When Reynolds assesses a menu, his first priority, is not the cost but the nutritional values and balance.

"I look at the quantities of carbohydrates and protein and what elements there are to aid digestion," he says.

"We look at the recipe and analyse it in a computer programme to find out the full nutritional value. It's hard to put a dish together to fit everyone so it's better to put it together to ensure it's balanced."

Reynolds is a firm believer that a spa cuisine restaurant should be just that - an outlet that serves spa cuisine only.
 

"I would never believe that true spa cuisine would come out of a kitchen that serves other types of food. It's got to be done in a place where people are trained to do it."

He laments that there is no formal spa-specific training that he knows of - instead, chefs, of which there are 20 at Six Senses Destination Spa, are trained on the job.

"Most of them I have trained from scratch," he says.

"Our bakery chef had never baked the way I wanted him to - with no improvers or chemicals. Bakery is one of the hardest areas - you are trying to re-train a chemical process that you aren't sure of yourself. It's all about trial and error."

The raw deal

While spa cuisine might be a specialist field, raw cuisine is even more niche says Reynolds, so the resort employed an experienced chef to work at its raw cuisine restaurant, Dining at the Point.

"As far as I am aware, we are the only place in Thailand that has taken raw to this level," he says.

In layman's terms, raw cuisine refers to food that is heated to no more than 42°C.

"The food is therefore still living - there are no nutrients killed off, which means the flavour is unchanged. The enzymes and the quality of the food are still there."

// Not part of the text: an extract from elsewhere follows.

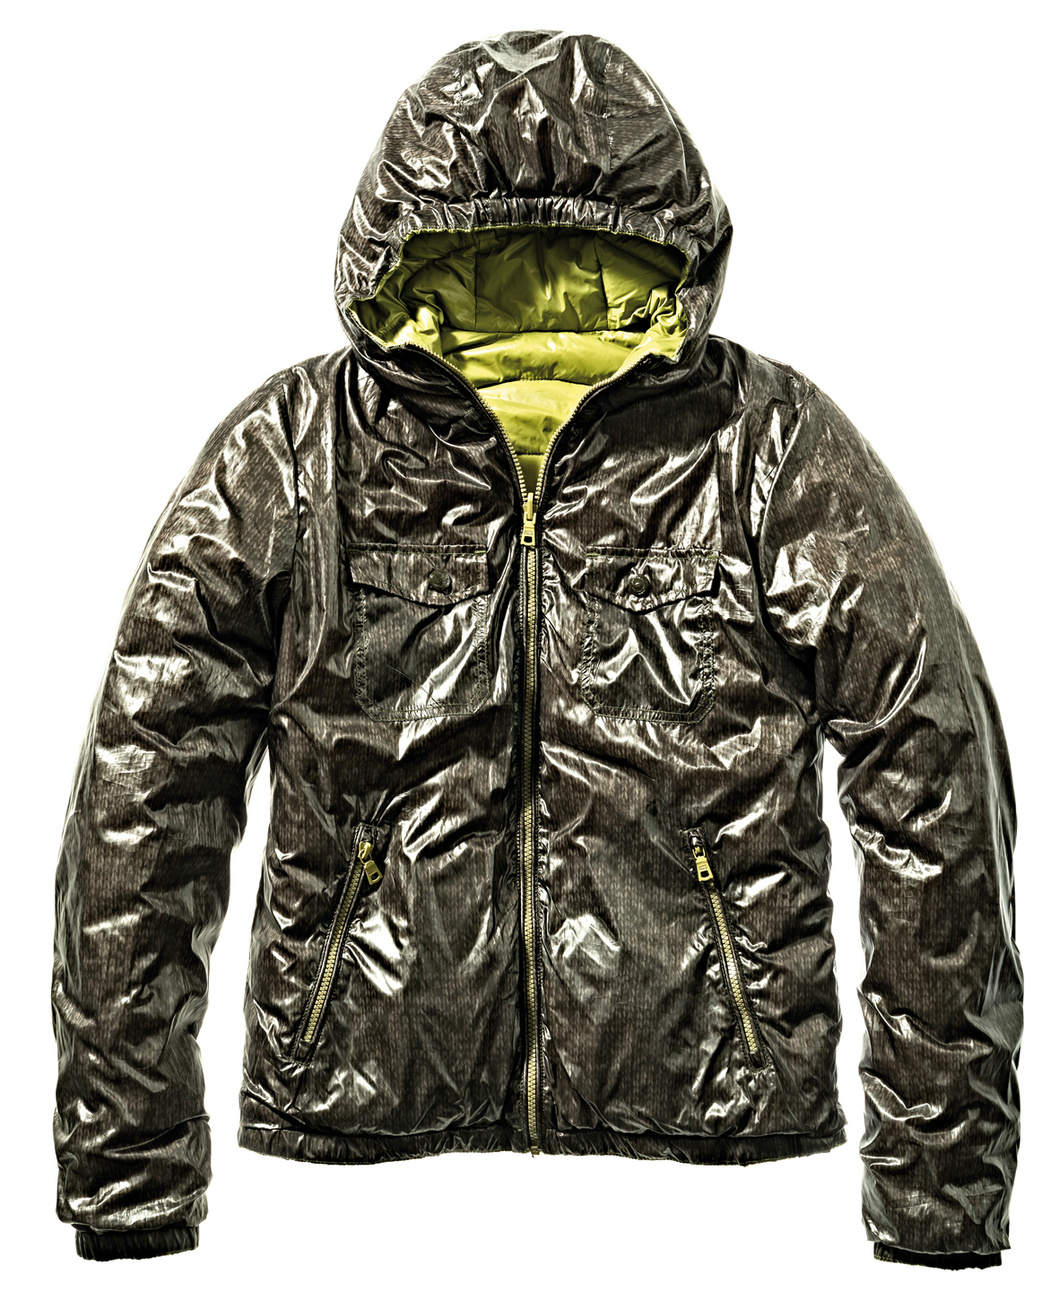 Egy jó meleg női kabát 89.900 forint.
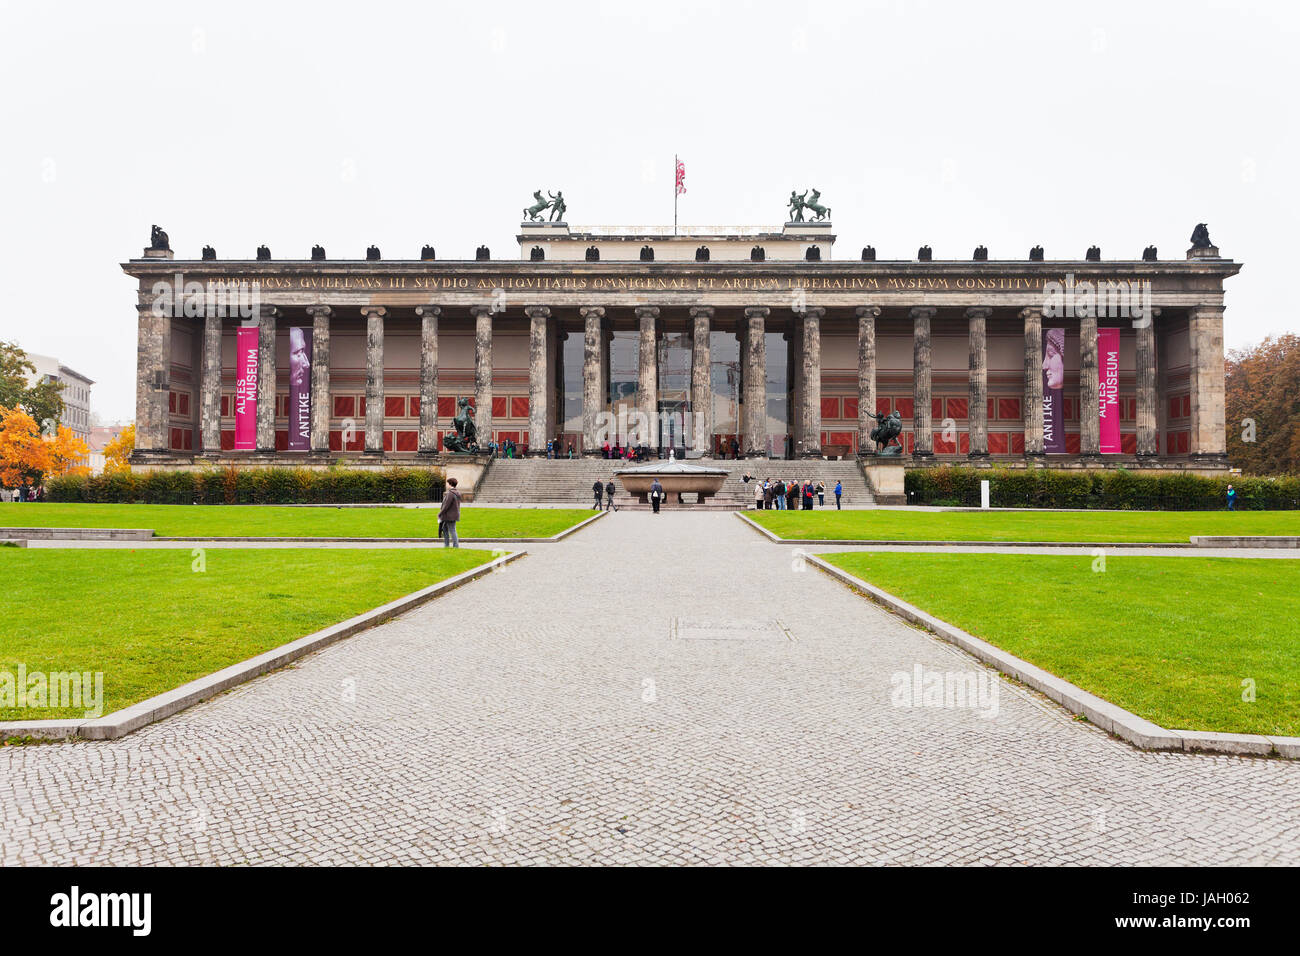 Berlino, Germania - 16 ottobre: vista frontale di Altes Museum (museo vecchio) di Berlino in Germania il 16 ottobre 2013. Il museo è stato costruito tra il 1823 e il 1830 dall'architetto Karl Friedrich Schinkel Foto Stock

Reynolds says that the energy levels of people who only eat raw cuisine are much higher than those who eat conventional food.

"It's not just a calorie issue anymore. Your body uses the raw food in a different way," he says.

"A calorie is a calorie, but if you eat raw foods they contain catalysts to break down those calories. They burn calories in a different way. It will use the fat to burn off calories.  "You get instant energy from a can of Coke but your body needs to work to burn off a carrot juice."

Now that's food for thought.

Cuisine concept

F&B mission statement: Moderation, not starvation or elimination is the answer to future healthy eating habits.

Concept: Clean, fresh, raw and natural. Textures and ingredients are balanced to nourish the body, mind and spirit.

Philosophy: The cuisine has a distinctively Asian orientation and uses fresh ingredients, incorporating herbs and spices in traditional as well as new and innovative ways.

"It reflects the cultures from which the resort draws its healing powers - Thai, South East Asian, Indian, Chinese, Indonesian and European," says Reynolds.

"Flavours should be defined but not overwhelming to the palate. The resort serves a way of life, not a diet."